We weren’t being lowered down slowly and evenly from both directions. The stern side would fall suddenly by three feet, then the bow by two feet; port and starboard would tilt sharply to one side or the other. They couldn’t figure out what they were doing.” Eventually, to Smith’s dismay, the crewmen simply gave up, cranked the lifeboat back up to the deck, and herded all the passengers back onto the ship. At least six people died after a cruise ship capsized off the coast of Italy Friday.

Costa Concordia: How cruise ship tragedy transformed an island paradise - CNN

Costa Concordia: How cruise ship tragedy transformed an island paradise.

Posted: Sat, 14 Sep 2013 07:00:00 GMT [source]

On their fourth trip they lifted an unconscious man into the police launch; this was probably the woman’s husband, Jean-Pierre Micheaud, the night’s first confirmed death.

Savastano raised a clenched fist, signaling the winch operator to stop lifting him. The face belonged to one of five passengers who were stuck on a lower deck with no way out. “Then the pilot told me we only had two minutes left—we were running out of fuel—so I said to these people, ‘Don’t move!

There were 1,500 cabins, one of the largest fitness centres at sea, a Turkish bath and solarium, a poolside movie theatre on the main pool deck, and 13 bars, including one devoted to cognac. All day Saturday, rescue workers fanned out across the ship, looking for survivors. Sunday morning they found a pair of South Korean newlyweds still in their stateroom; safe but shivering, they had slept through the impact, waking to find the hallway so steeply inclined that they couldn’t safely navigate it. Somehow, though, no one found poor Manrico Giampedroni, the hotel director, who remained perched on a table above the water in the Milano Restaurant. He could hear the emergency crews and banged a saucepan to get their attention, but it was no use.

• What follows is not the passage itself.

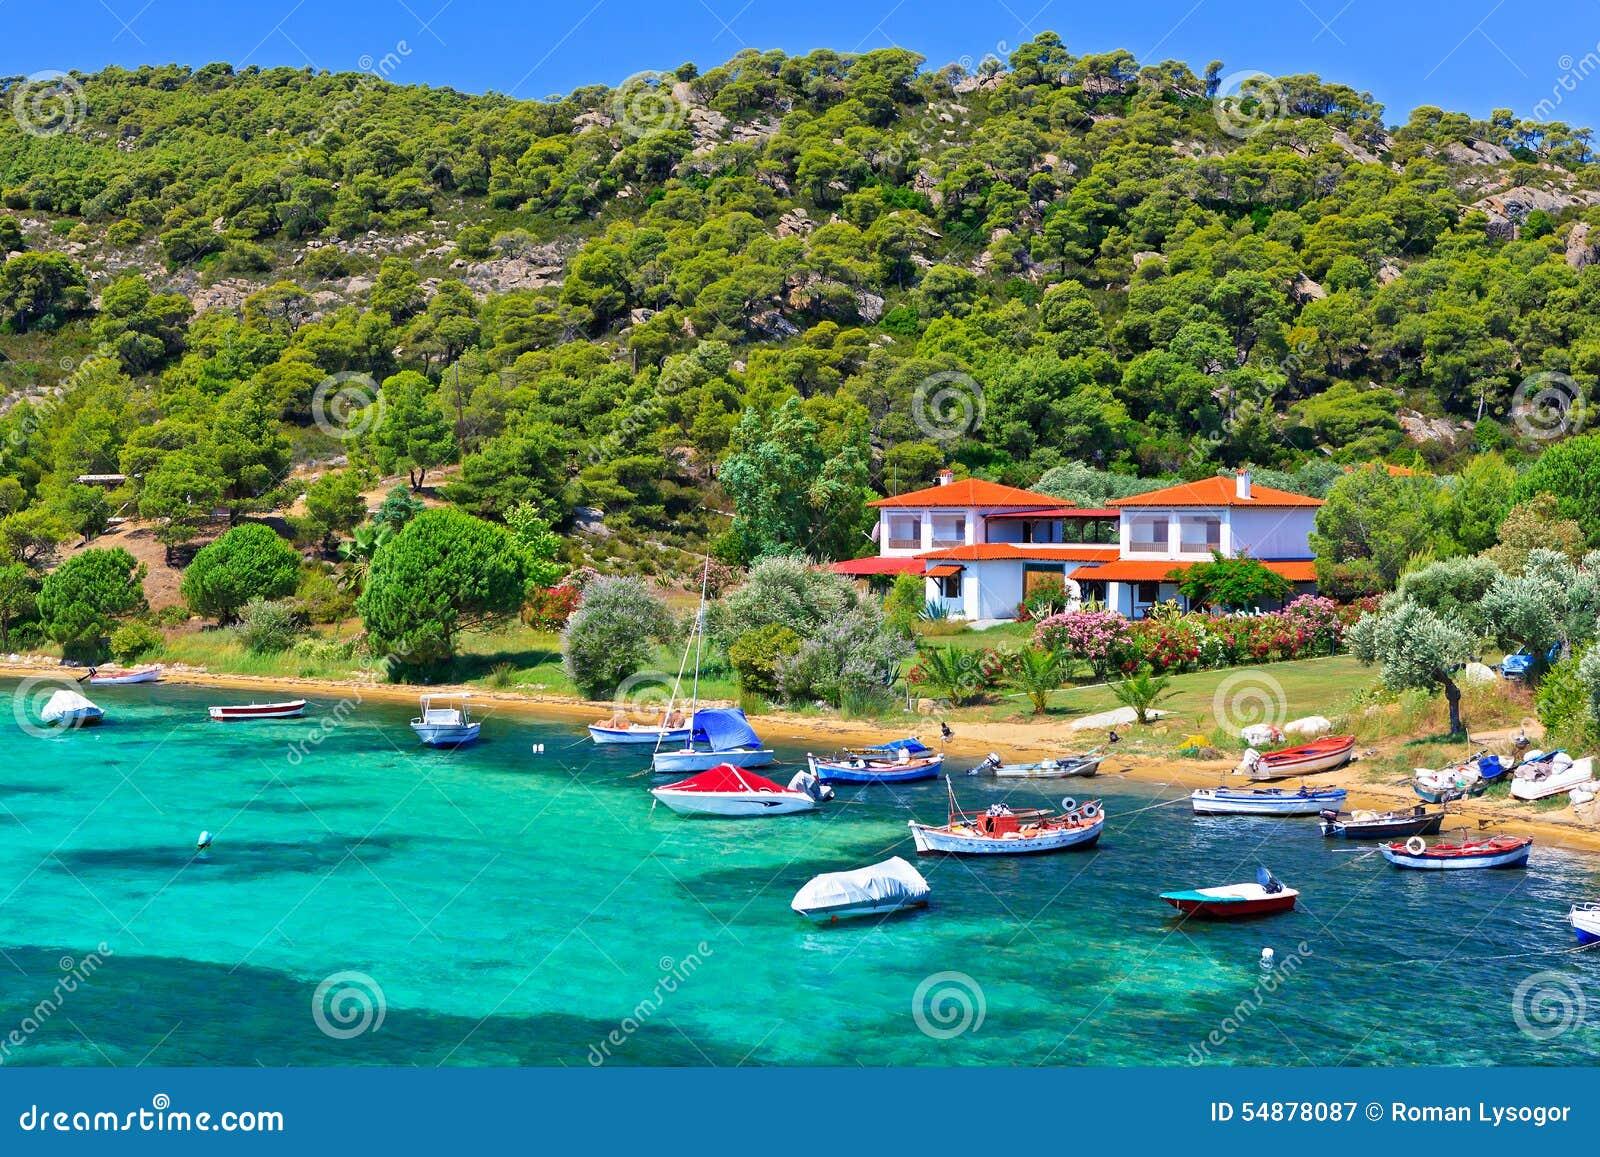 小船和游艇在别墅附近停泊了在一个偏僻的地点

Italian ministers are set to discuss measures designed to keep large cruise ships out of Venice. The arrival of a cruise ship led to protests last month, with residents claiming the vessels damage and pollute the city. The chief executive of the ship’s owners, Costa Cruises, on Monday blamed human error by Schettino for the disaster.

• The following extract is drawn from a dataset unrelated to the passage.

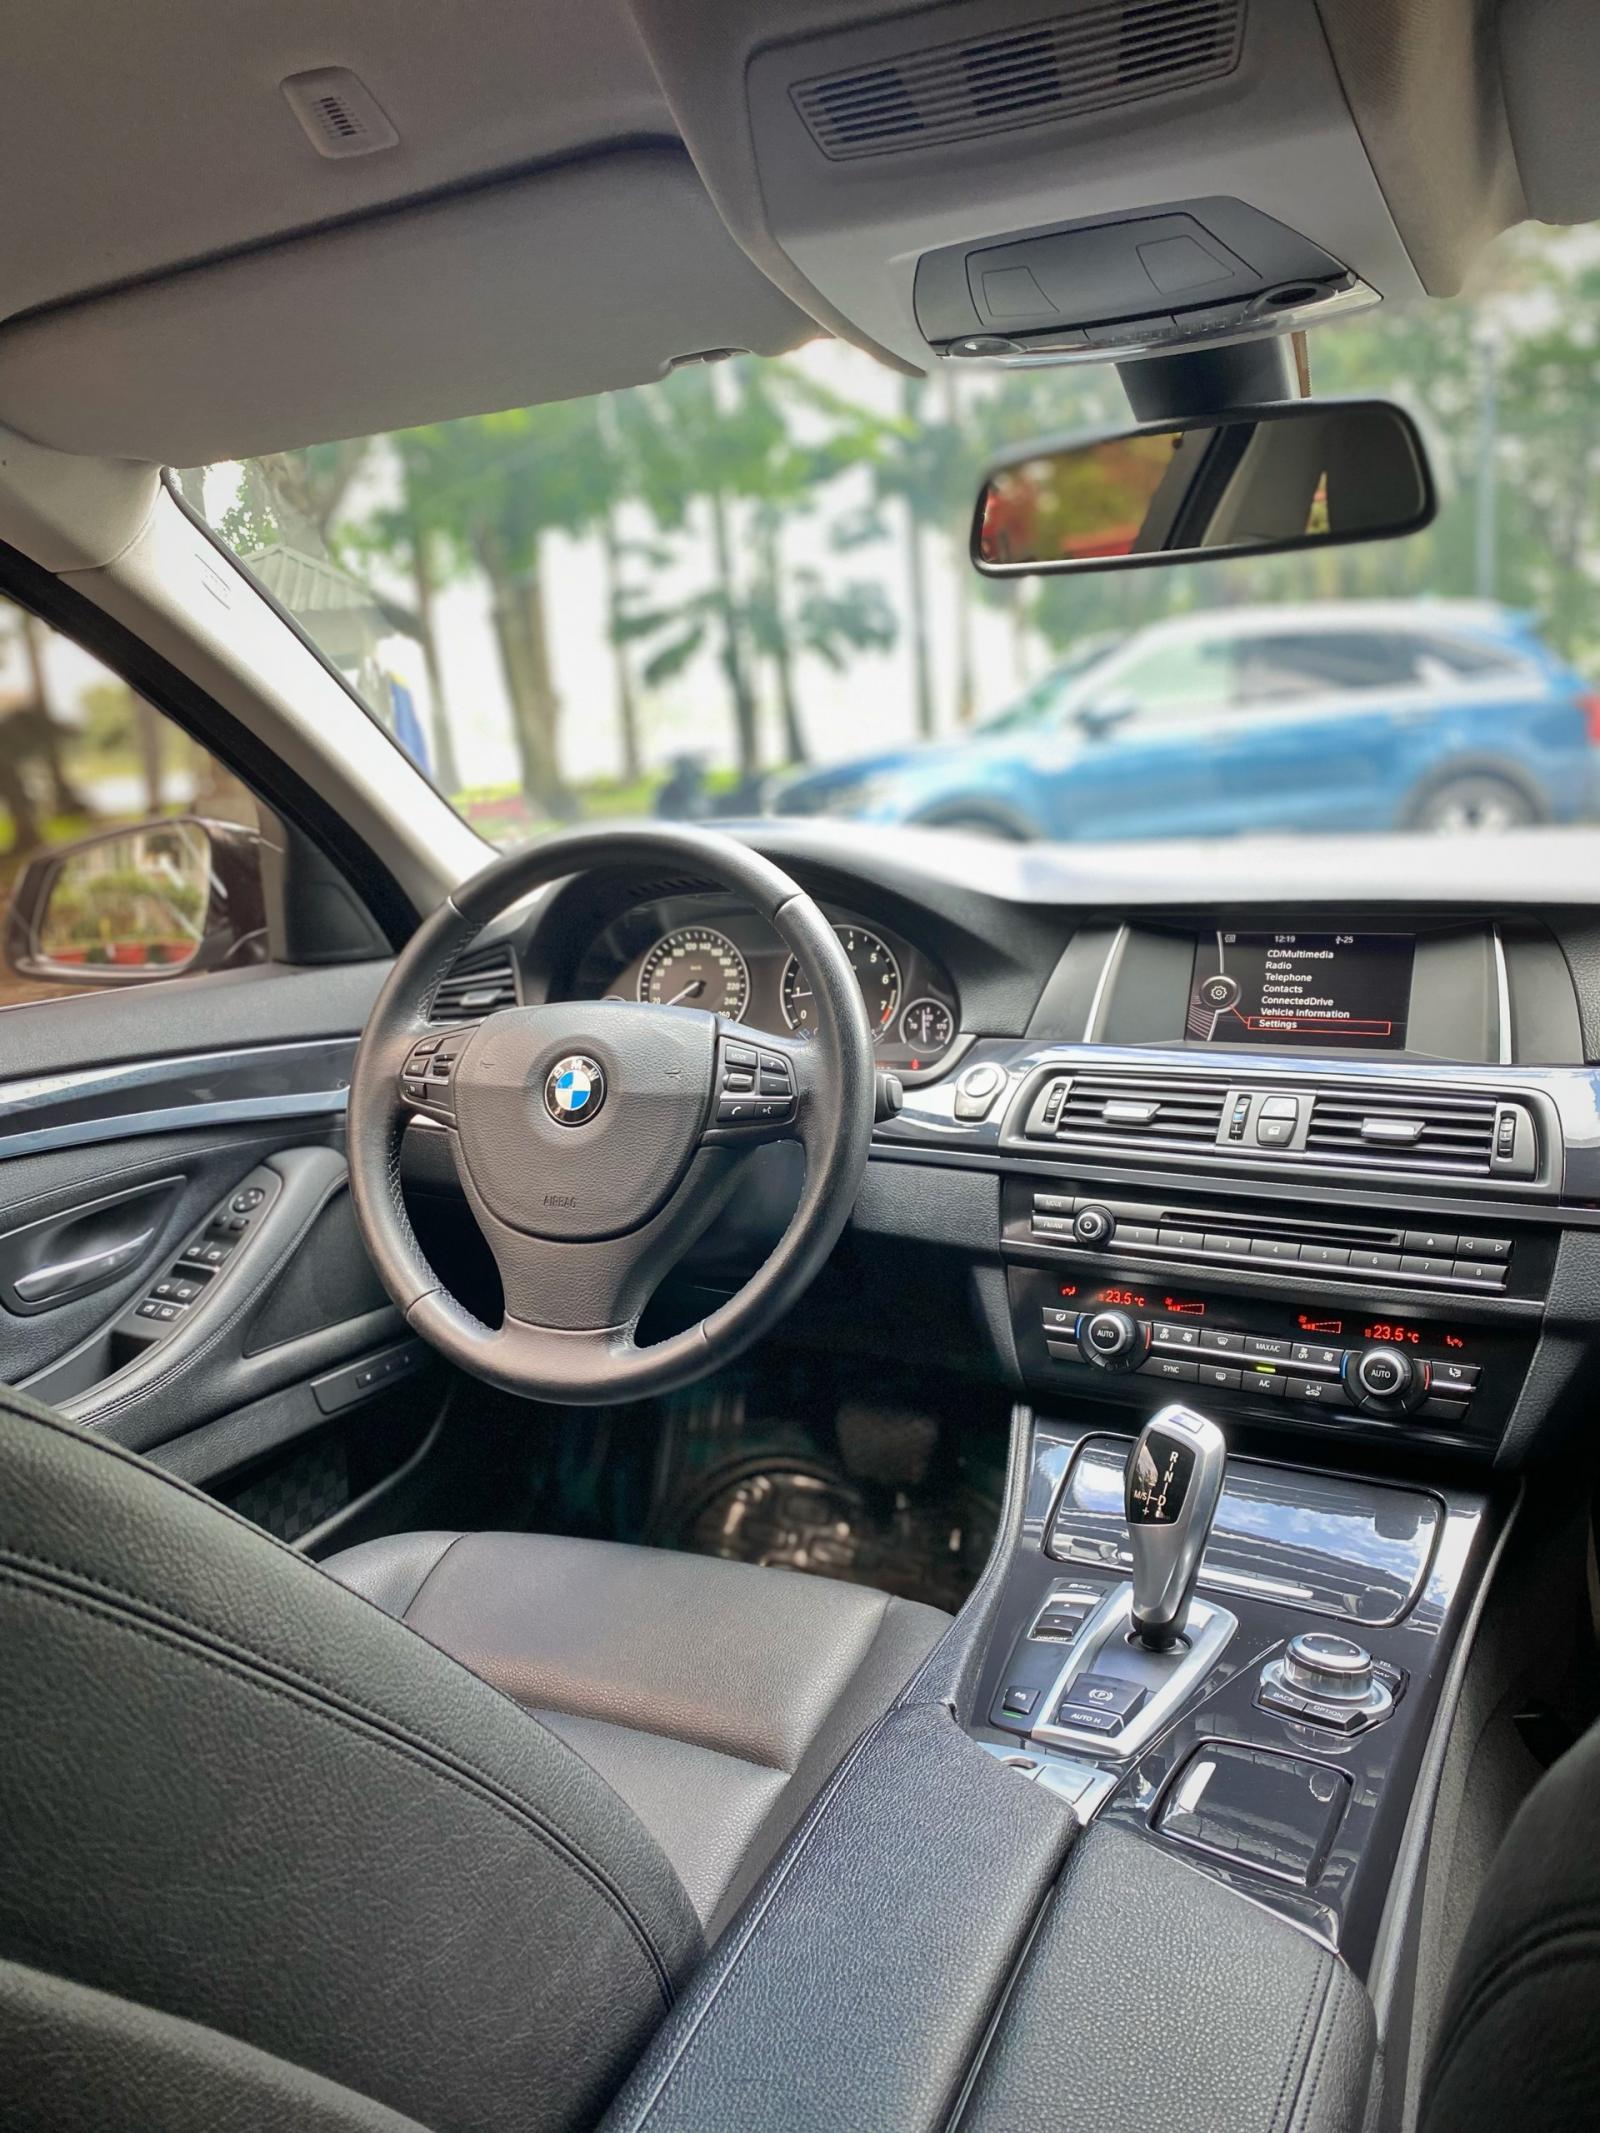 Cần bán gấp BMW 5 Series 520i sản xuất 2014, màu đen, nhập khẩu chính hãng

"There was really a melee there is the best way to describe it," he told Cobiella. "It's very similar to the movie 'Titanic.' People were jumping onto the top of the lifeboats and pushing down women and children to try to get to them." The ship's captain, Francesco Schettino, had been performing a sail-past salute of Giglio when he steered the ship too close to the island and hit the jagged reef, opening a 230-foot gash in the side of the cruise liner. The blackout after the ship's engine room flooded and its generators failed. Few of the 500-odd residents of the fishermen’s village will ever forget the freezing night of Jan. 13, 2012, when the Costa Concordia shipwrecked, killing 32 people and upending life on the island for years. The 3,299 passengers who boarded the Costa Concordia on 13 January in the Italian port city of Civitavecchia for their seven-day cruise around the Mediterranean had much to enjoy.